This book is framed by a critique of dominant trends in genocide studies. It argues that the field has been compromised by the idea that genocide in general, like the Holocaust, is a ‘sacred evil’ type of violence, so that a key goal of scholarship is to underpin claims to genocide-recognition.

I criticise the narrow vision of comparative genocide studies in which genocide is viewed mainly as a ‘domestic’ phenomenon of states. In contrast, my study emphasises the international contexts of genocide, seeking to specify more precisely the changing relationships between genocide and the international system.

You can preorder by following this link;

Genocide and International Relations: Changing Patterns in the Upheavals of the Late Modern World.

A draft of my review of this important new book, published this month in the Journal of Genocide Research, 15, 2, 2013.

Paul Preston, The Spanish Holocaust: Inquisition and Extermination in Twentieth-Century Spain. New York: Harper, 2012.

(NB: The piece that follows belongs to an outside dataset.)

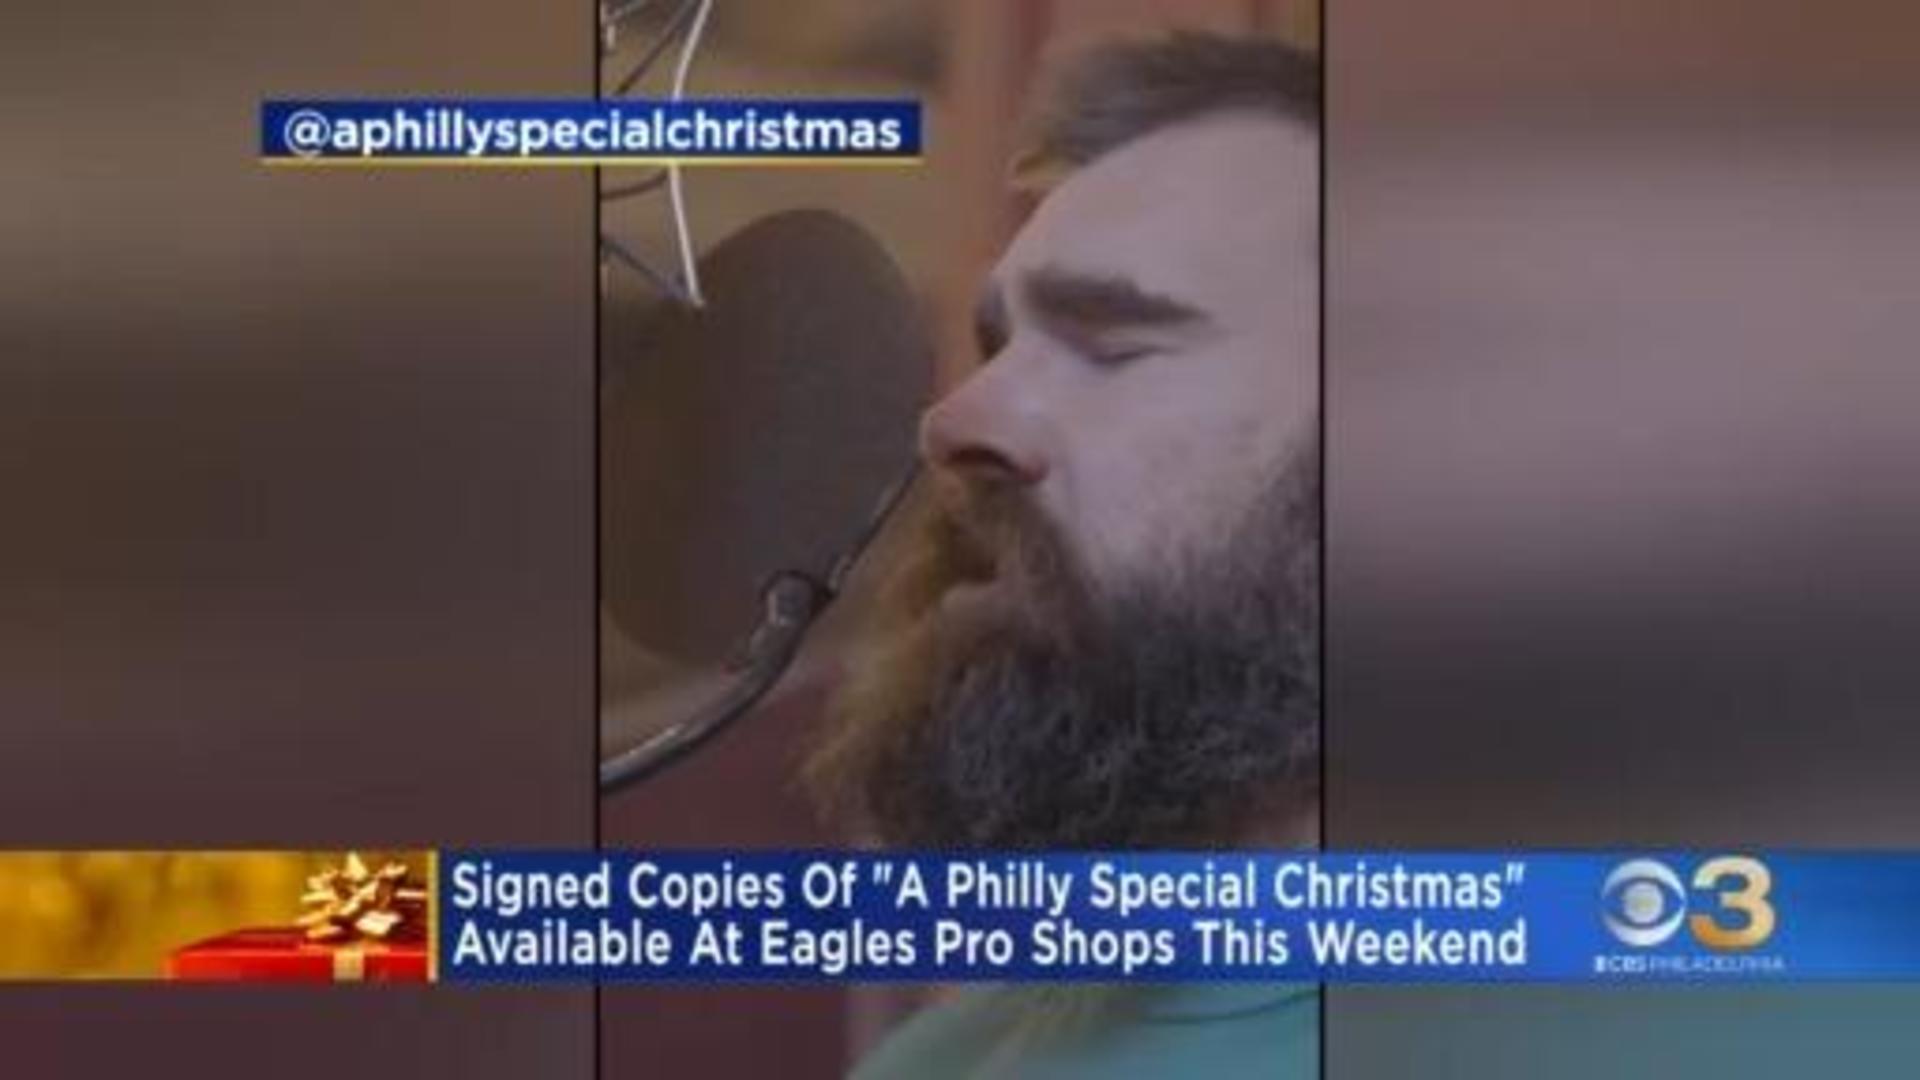 It's a Miracle: You Can Still Get the Eagles Christmas Album

What happened in Spain in the 1930s has hardly been reckoned with in that country even eight decades afterwards. However, it is also underestimated in prevailing Western scholarly understandings of twentieth-century history, which tend to see the Spanish events as a tragic prelude to the main global struggle that broke out in 1939, just after Francisco Franco’s Nationalists had consolidated their seizure of power. It is particularly neglected in genocide studies, which tend to depict genocide in the 1948 Convention’s terms as an attack on ethnic, national, racial and religious groups, and hardly recognize the genocidal character of attacks on politically and class-defined populations.

Thus we think about the Spanish events primarily as a ‘civil war’, and remind ourselves that such wars are particularly brutal, an idea recently encapsulated in Stathis Kalyvas’s idea that there is a particular type of ‘civil war violence’ that civilians help to produce through their centrality to the dissemination of information and the settling of local scores. This may well be true. But this challenging new book by Paul Preston, the foremost English-speaking historian of 1930s Spain, suggests that much more was at stake.

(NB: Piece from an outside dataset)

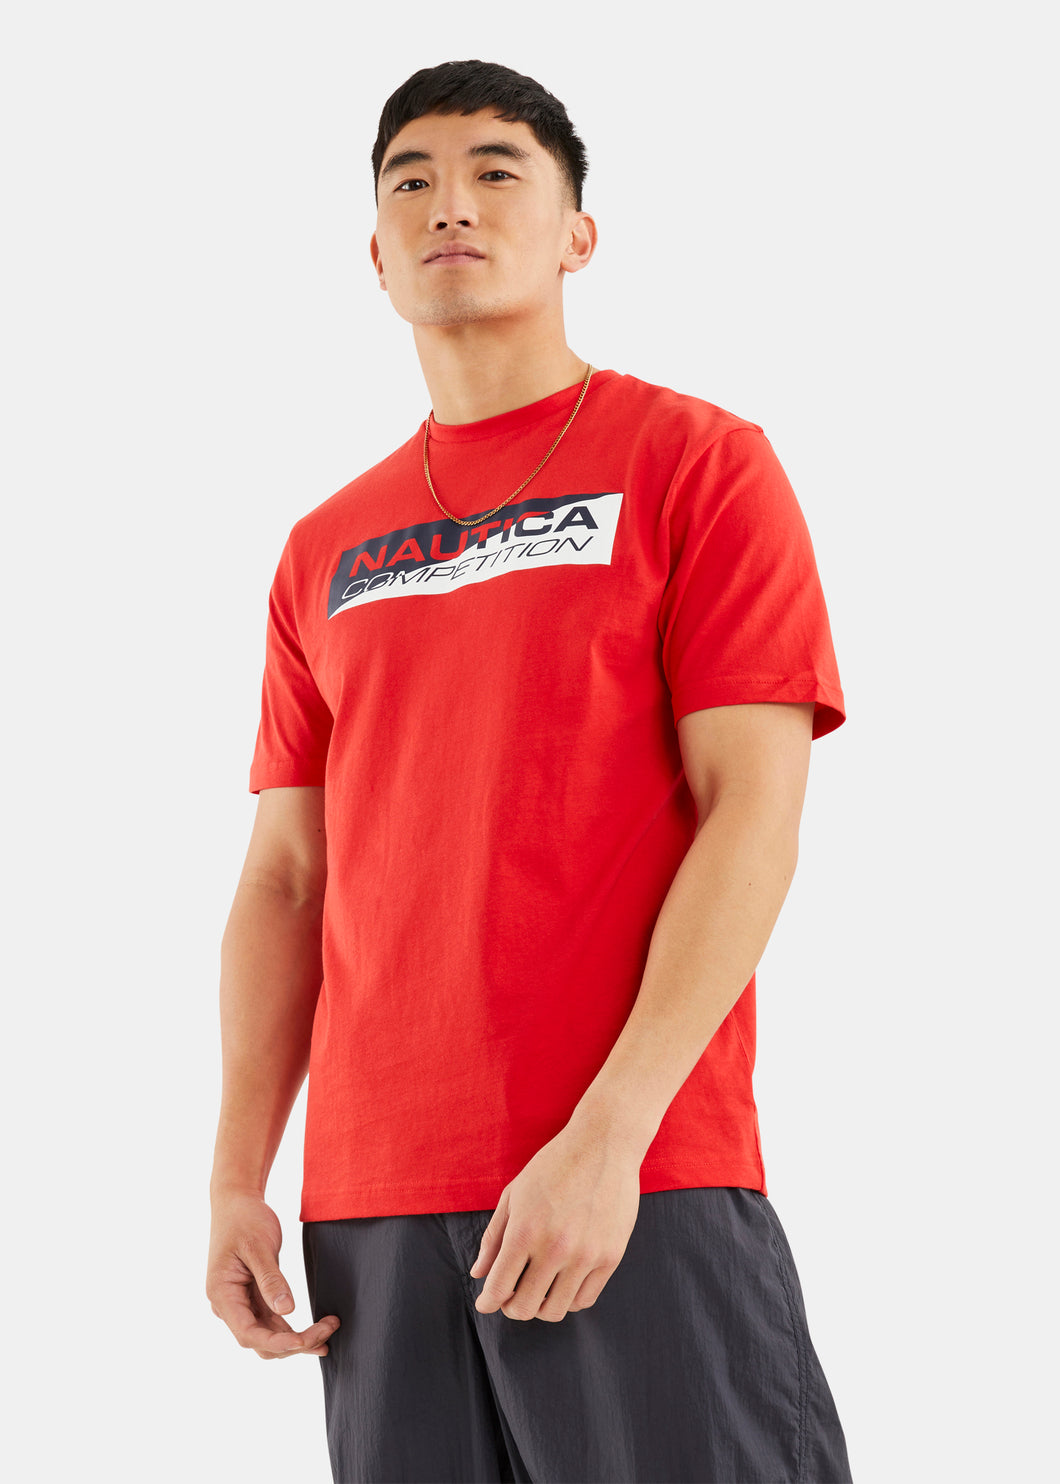 Nautica Competition Baffin T-Shirt - True Red - Front

The events of 1936-1939 were more than a civil war. Rather, the military rebellion against the Republic involved an attempt to exterminate the left in Spain, not only in a political sense, by destroying its Republican, Socialist, Anarchist and Communist parties, but in a social sense, by destroying all movements of exploited workers and agricultural labourers seeking to improve their generally wretched living conditions. The rebellion, after half a decade of ‘social war’, was an enterprise by a large section of the military’s upper ranks, aided and abetted by substantial sections of the rightwing parties, Church and property-owning classes, to put a definitive end to what they saw as a ‘Bolshevik-Jewish-Freemason’ conspiracy and an ‘un-Spanish’, Russian-inspired revolt against the natural, divinely sanctioned order of Spanish society.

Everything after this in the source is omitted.